StreamSQL

Last updated

StreamSQL is a query language that extends SQL with the ability to process real-time data streams. SQL is primarily intended for manipulating relations (also known as tables), which are finite bags of tuples (rows). StreamSQL adds the ability to manipulate streams, which are infinite sequences of tuples that are not all available at the same time. Because streams are infinite, operations over streams must be monotonic. Queries over streams are generally "continuous", executing for long periods of time and returning incremental results.
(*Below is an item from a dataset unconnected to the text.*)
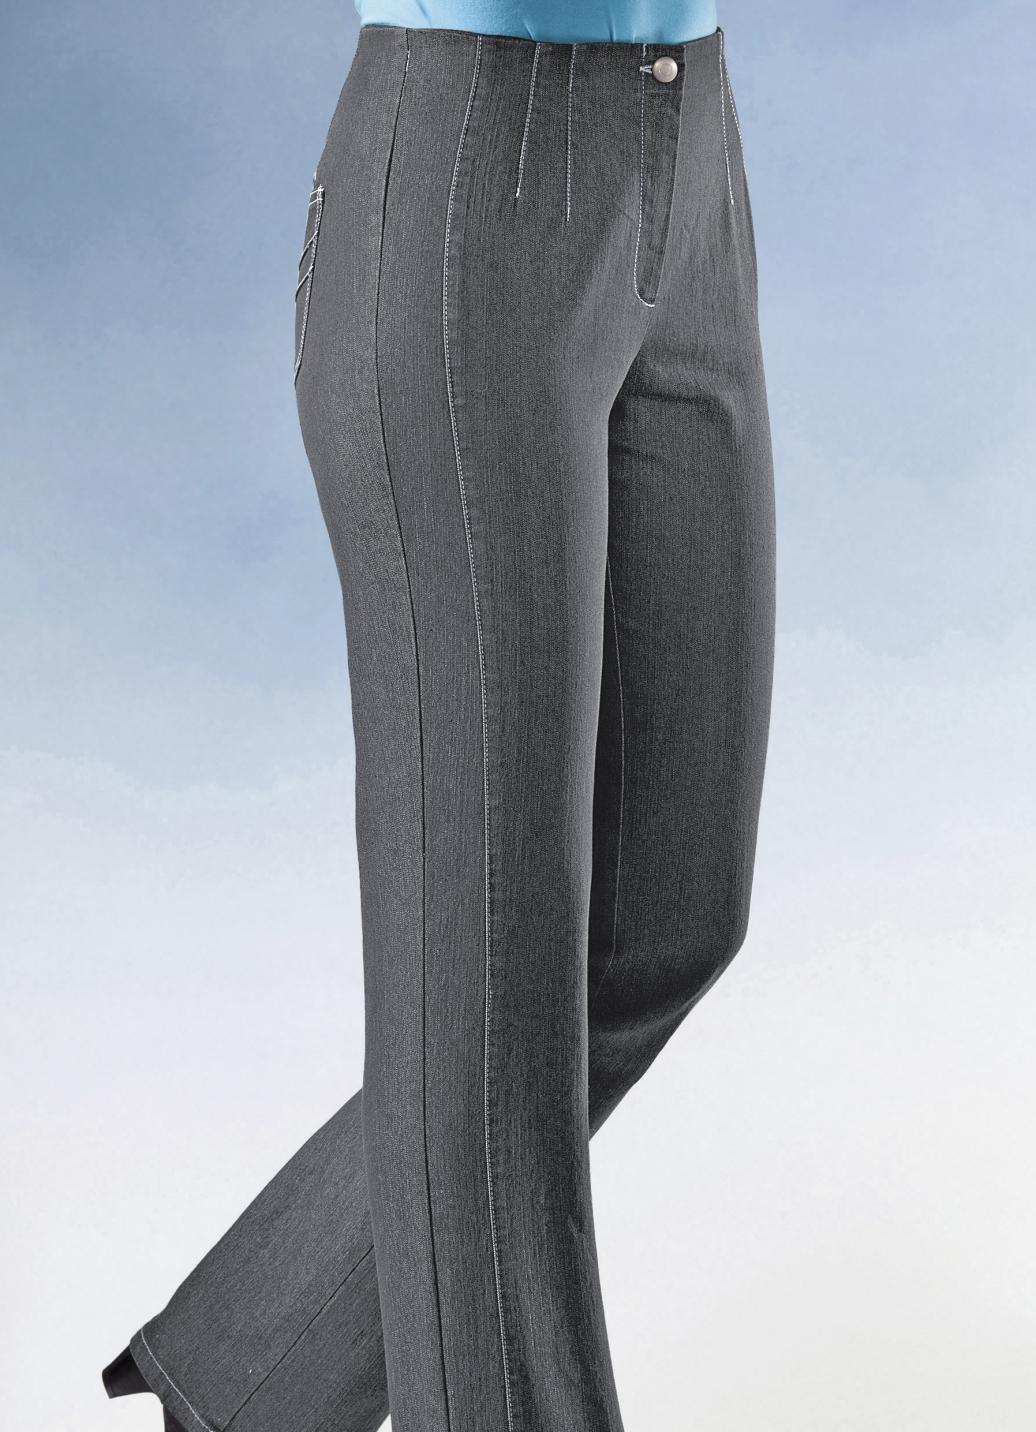 jeans mit angeschnittenem bund in 5 farben hosen bader. Black Bedroom Furniture Sets. Home Design Ideas

The StreamSQL language is typically used in the context of a Data Stream Management System (DSMS), for applications including market data analytics, network monitoring, surveillance, e-fraud detection and prevention, clickstream analytics and real-time compliance (anti-money laundering, RegNMS, MiFID).

Other streaming and continuous variants of SQL include StreamSQL.io, Kafka KSQL, SQLStreamBuilder, WSO2 Stream Processor, SQLStreams, SamzaSQL, and Storm SQL.

Technical details

StreamSQL extends the type system of SQL to support streams in addition to tables. Several new operations are introduced to manipulate streams.

Selecting from a stream - A standard SELECT statement can be issued against a stream to calculate functions (using the target list) or filter out unwanted tuples (using a WHERE clause). The result will be a new stream.

Stream-Relation Join - A stream can be joined with a relation to produce a new stream. Each tuple on the stream is joined with the current value of the relation based on a predicate to produce 0 or more tuples.

Union and Merge - Two or more streams can be combined by unioning or merging them. Unioning combines tuples in strict FIFO order. Merging is more deterministic, combining streams according to a sort key.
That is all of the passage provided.